Dataset excerpt: Begin

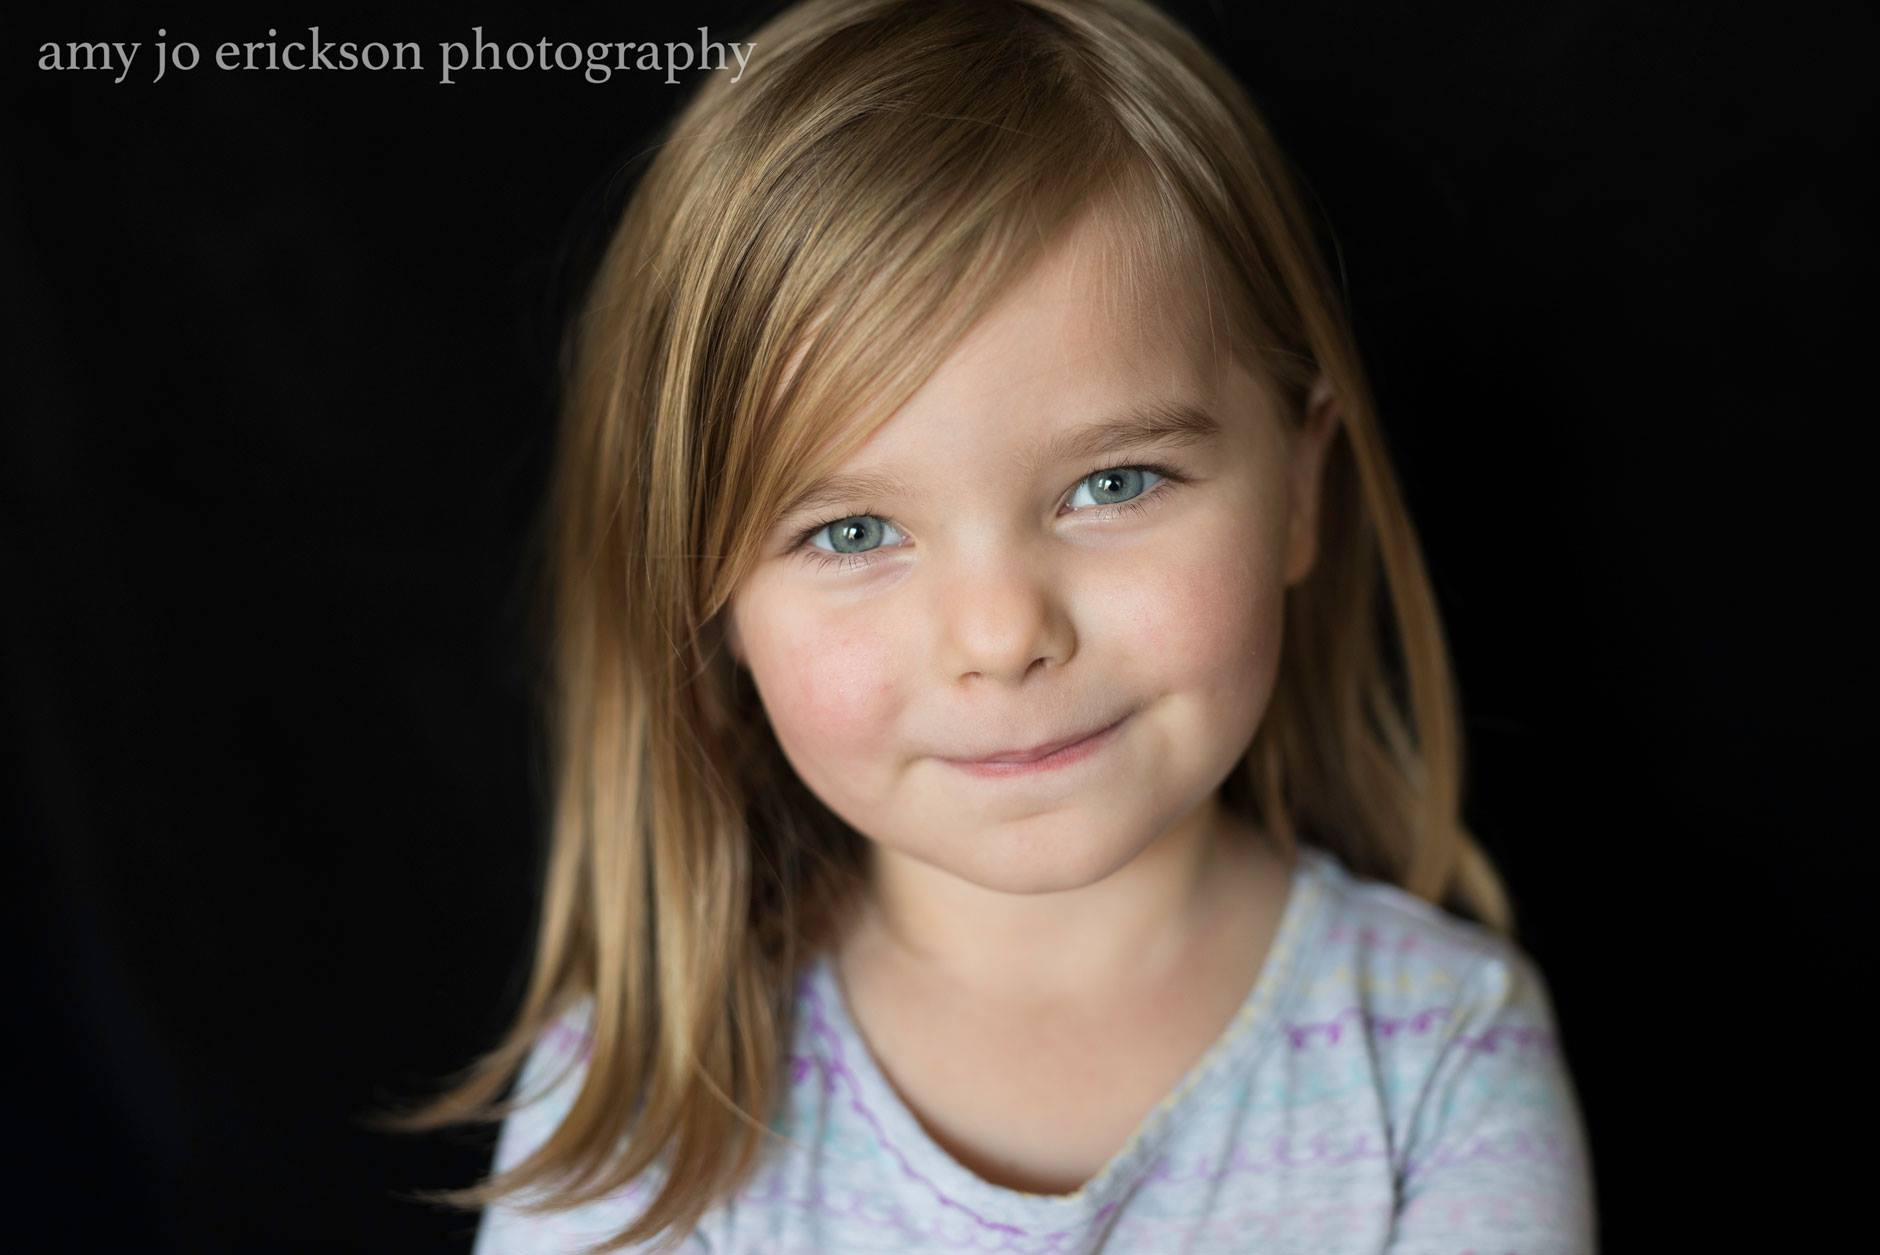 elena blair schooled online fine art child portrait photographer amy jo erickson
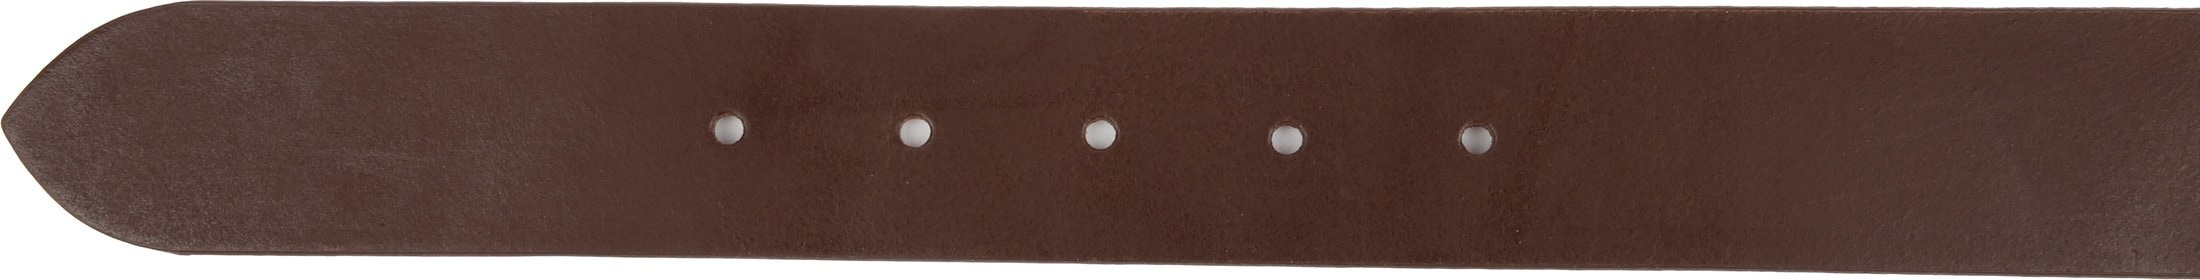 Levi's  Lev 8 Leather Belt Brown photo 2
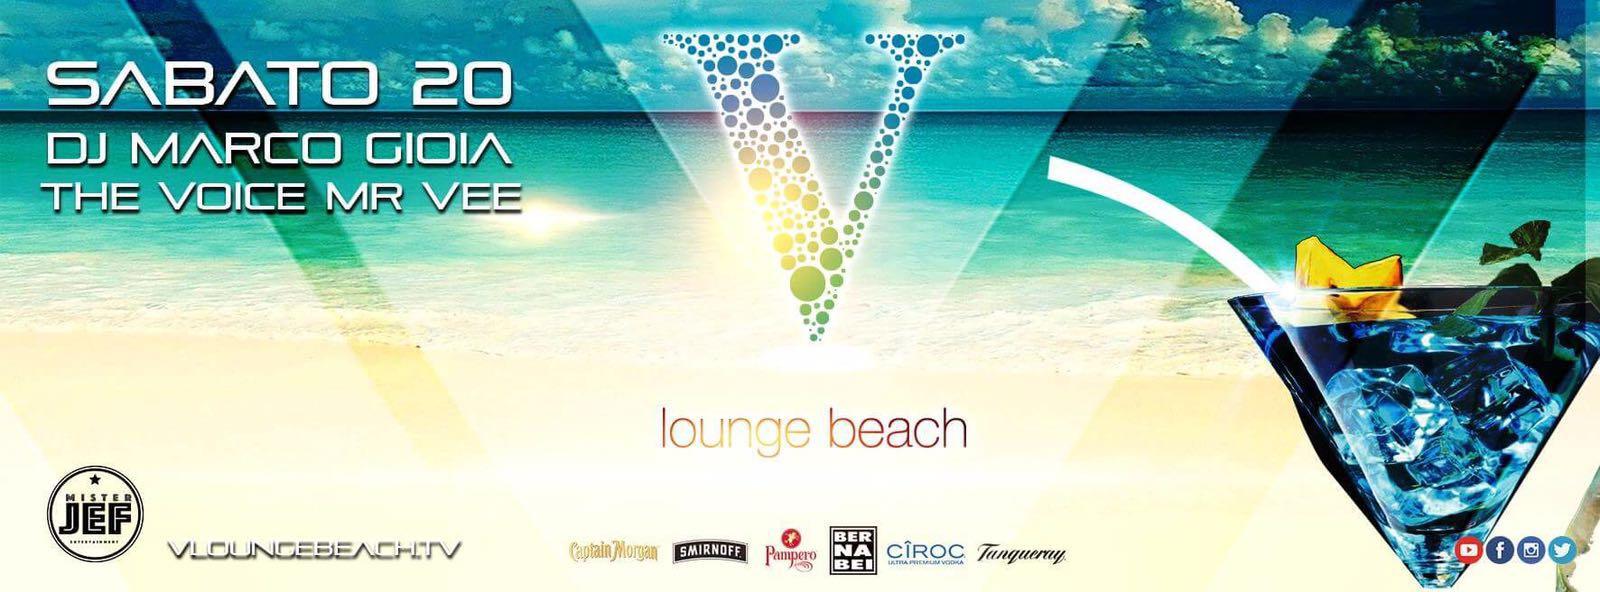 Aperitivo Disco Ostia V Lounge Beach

Dataset excerpt: End

**Task item**
Pictures stay out of the answer; the rest of the listing above is returned exactly.

**Response to this task**
 elena blair schooled online fine art child portrait photographer amy jo erickson
 Levi's  Lev 8 Leather Belt Brown photo 2
 Aperitivo Disco Ostia V Lounge Beach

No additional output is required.